/---
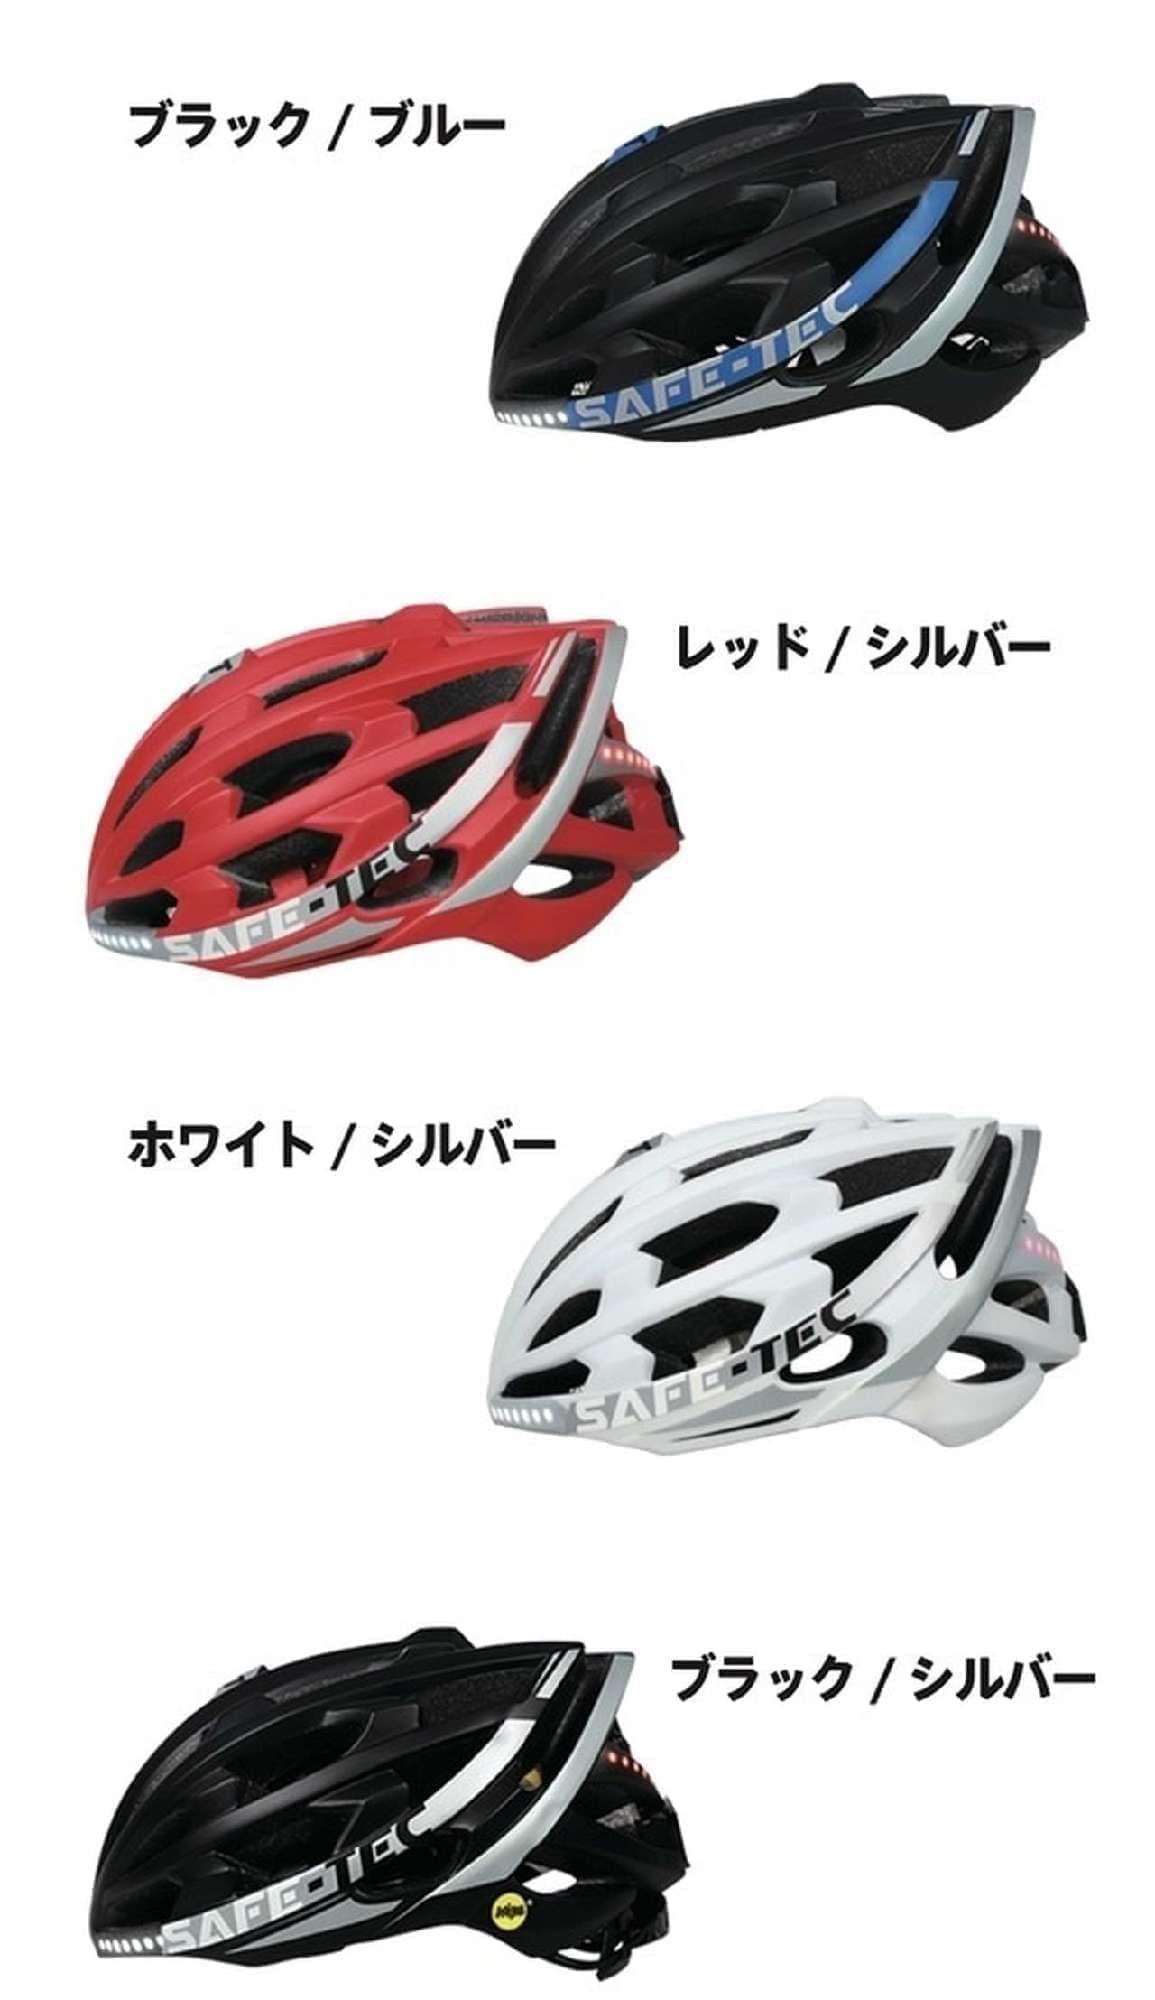 方向指示器やライトも付いたヘルメット「SAFE-TEC TYR-2」
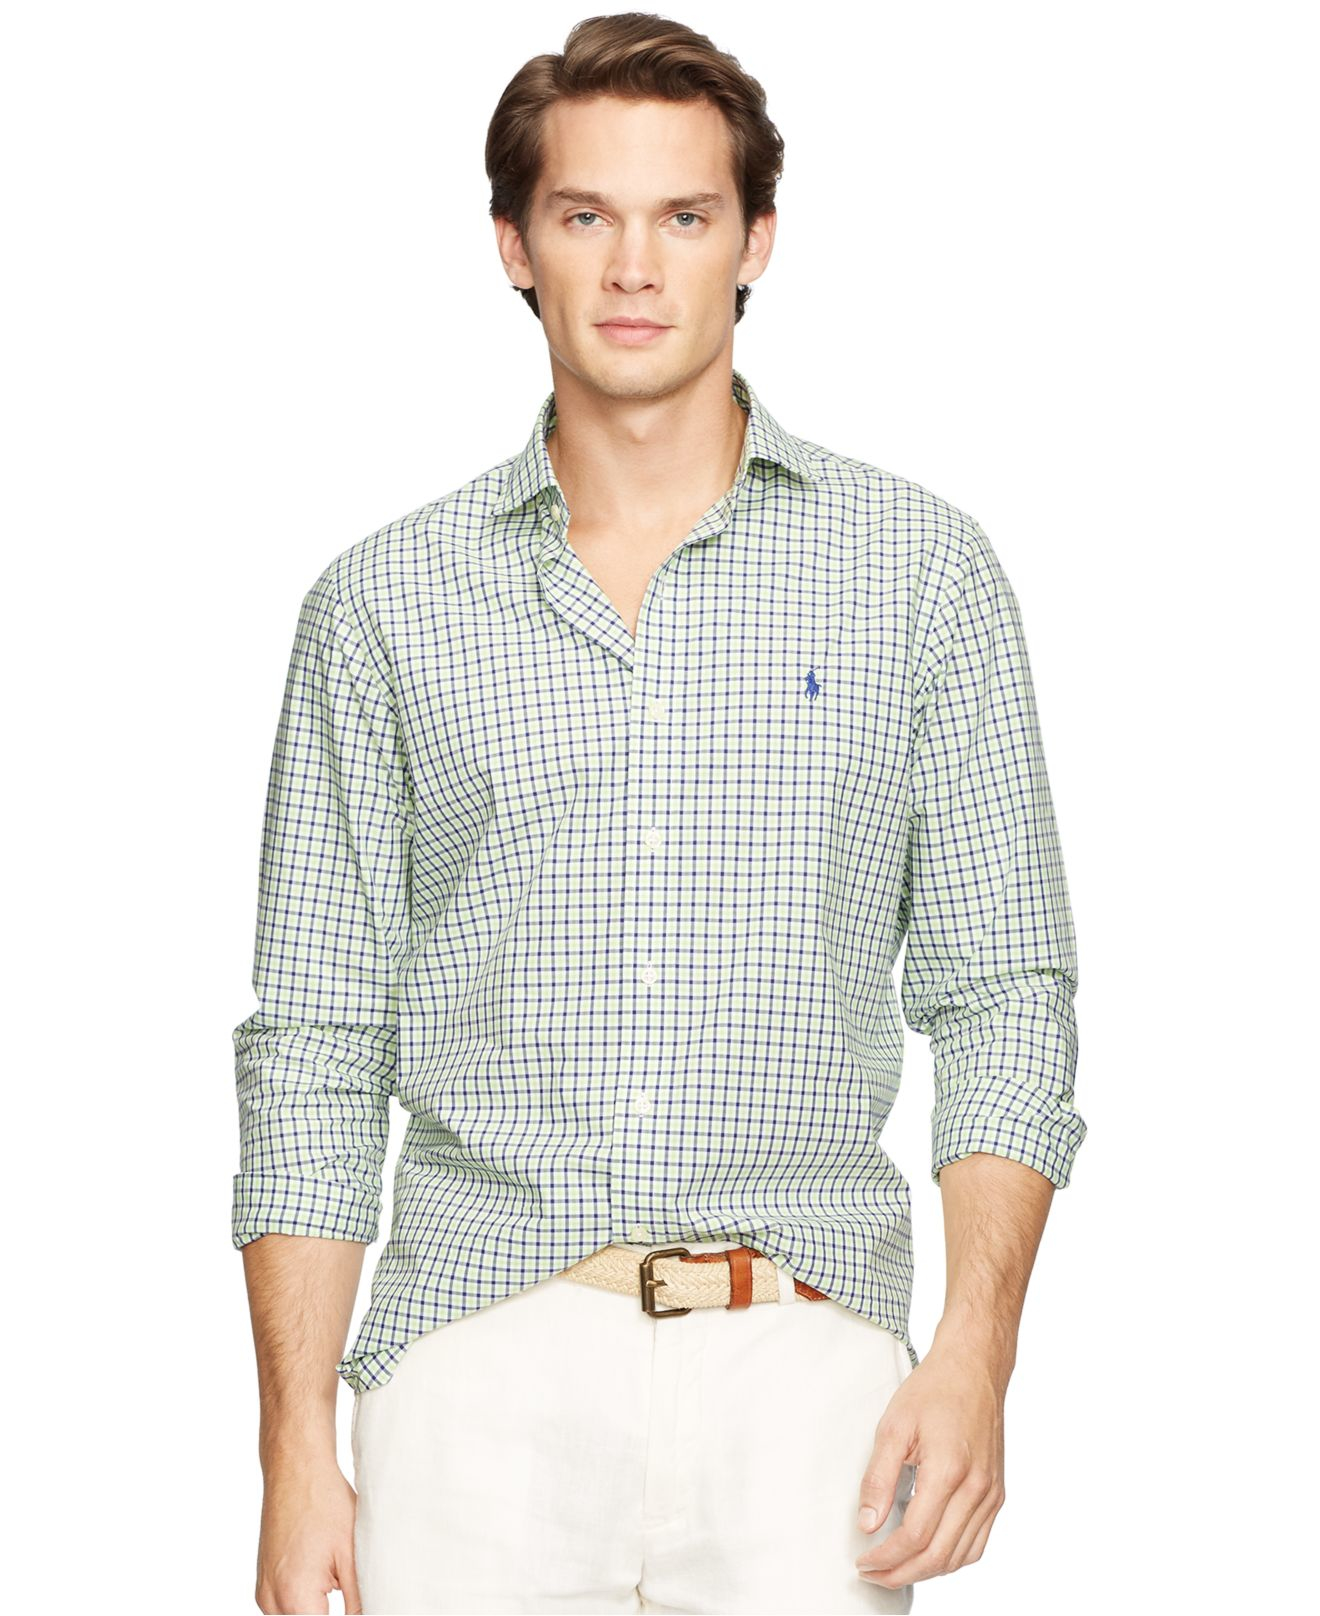 0f0f78e1743 ... new zealand lyst polo ralph lauren mens poplin linen estate shirt in  green 86e64 15bc3
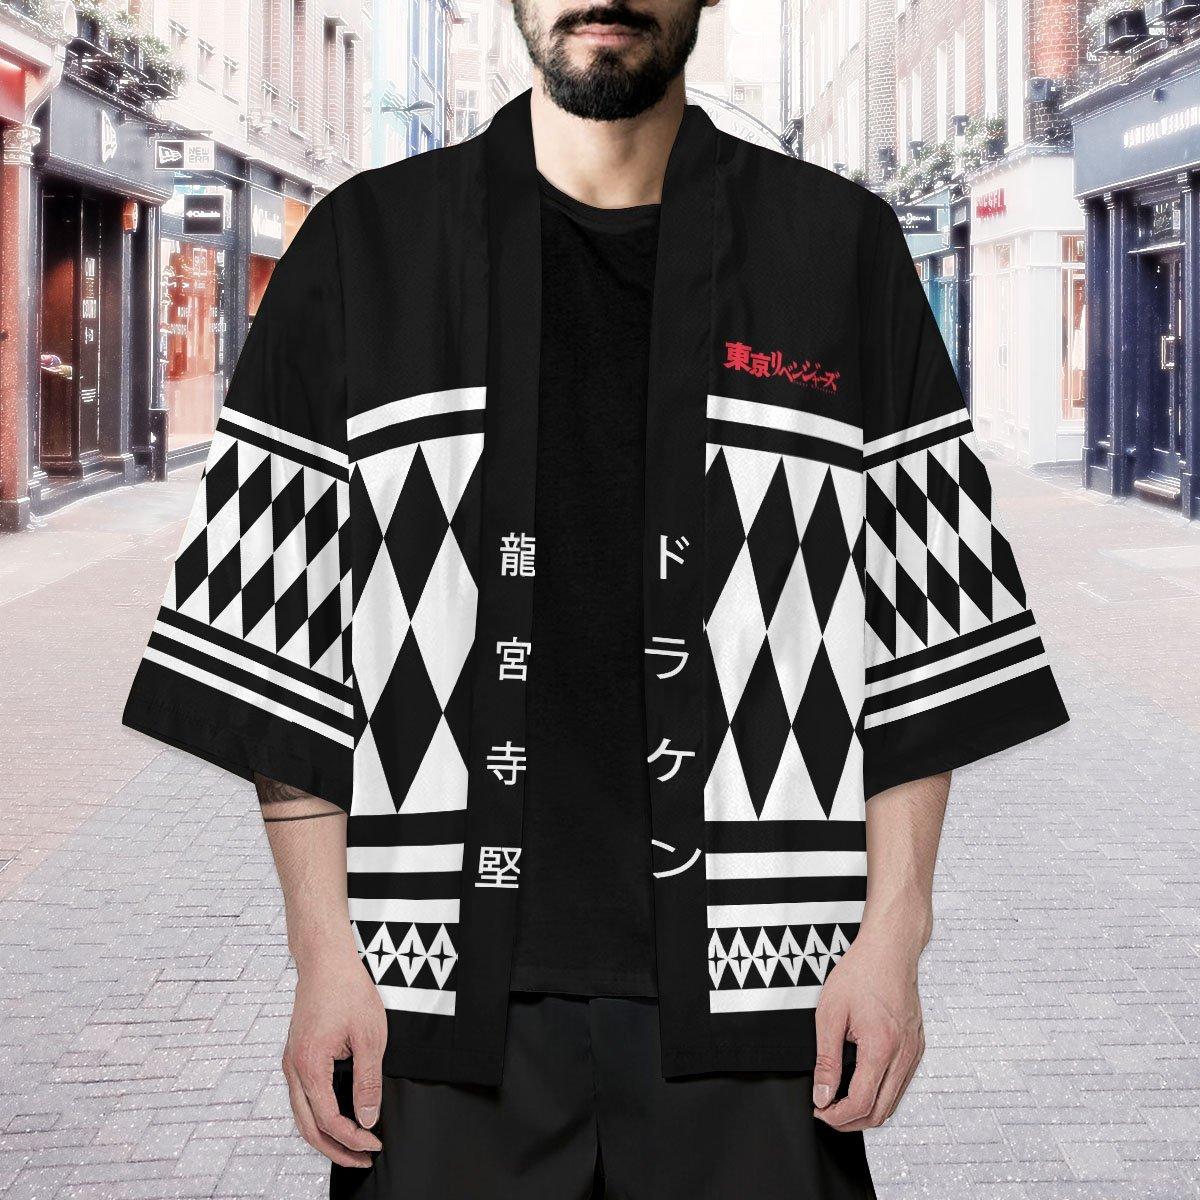 ken ryuguji kimono 874061 - Otaku Treat
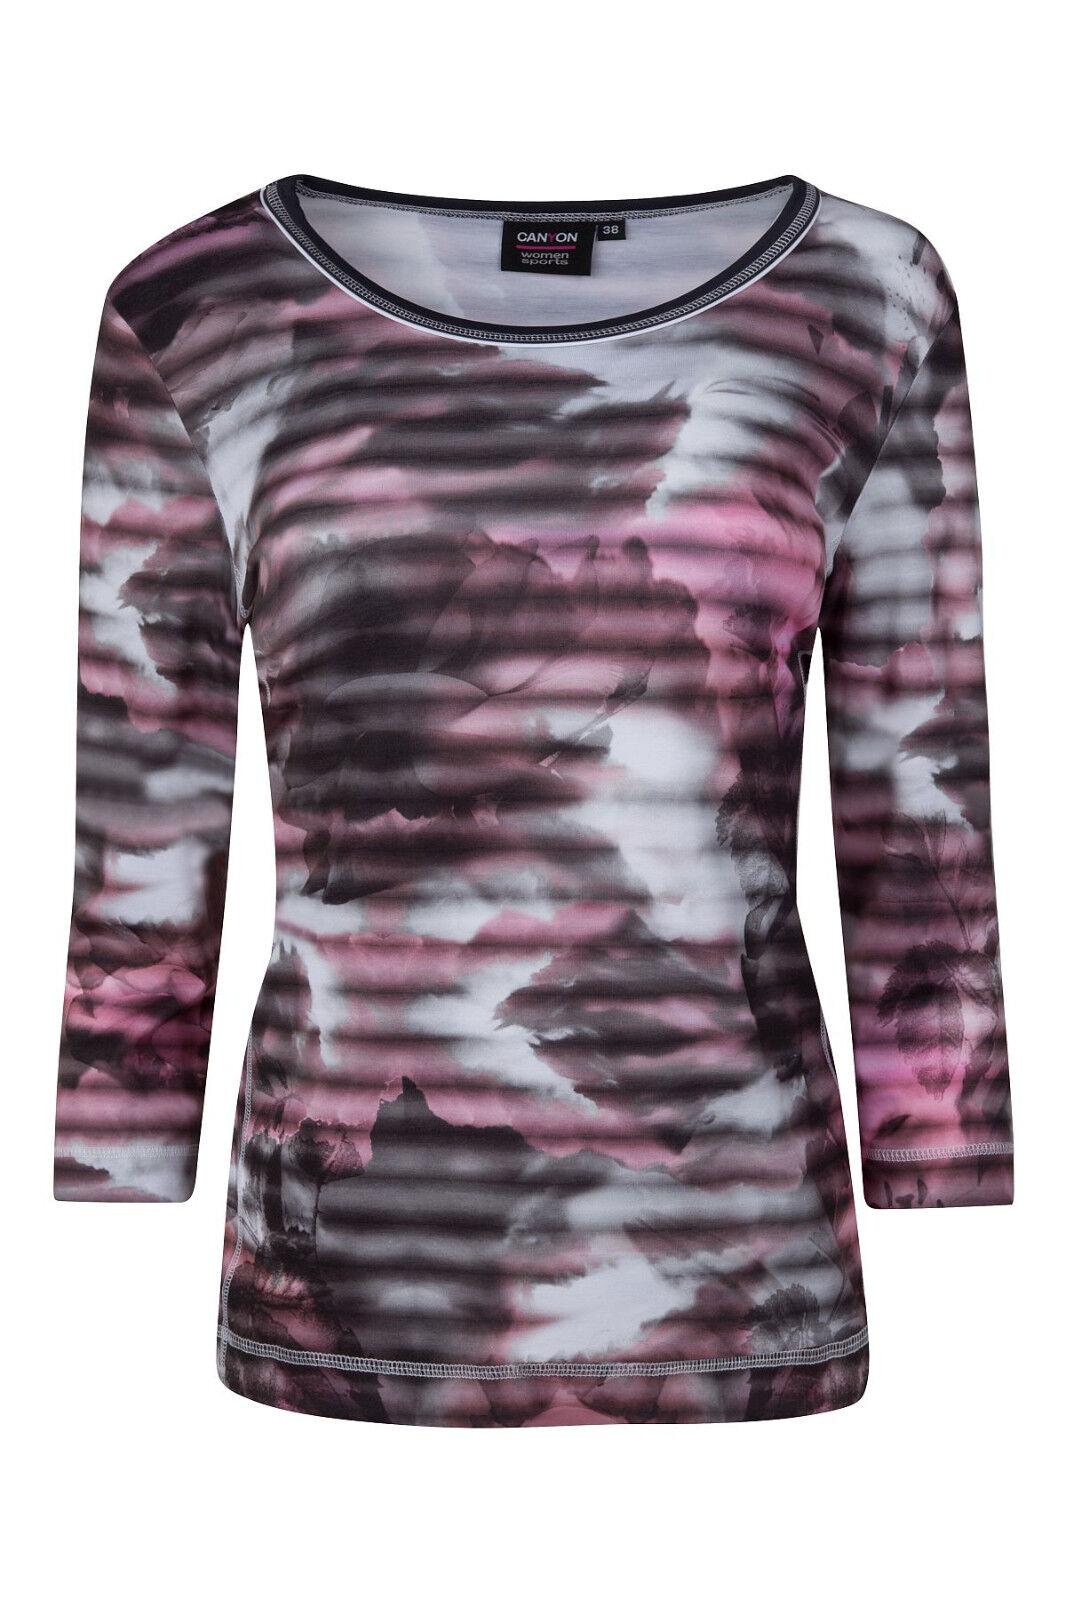 Canyon T-Shirt Rosa-grau Damenshirt 3 4 Arm Wischeffekt Print
\---
_Problem details_
Could you copy the listing exactly, leaving out any pictures?

_Result of this exercise_
 方向指示器やライトも付いたヘルメット「SAFE-TEC TYR-2」
 0f0f78e1743 ... new zealand lyst polo ralph lauren mens poplin linen estate shirt in  green 86e64 15bc3
 ken ryuguji kimono 874061 - Otaku Treat
 Canyon T-Shirt Rosa-grau Damenshirt 3 4 Arm Wischeffekt Print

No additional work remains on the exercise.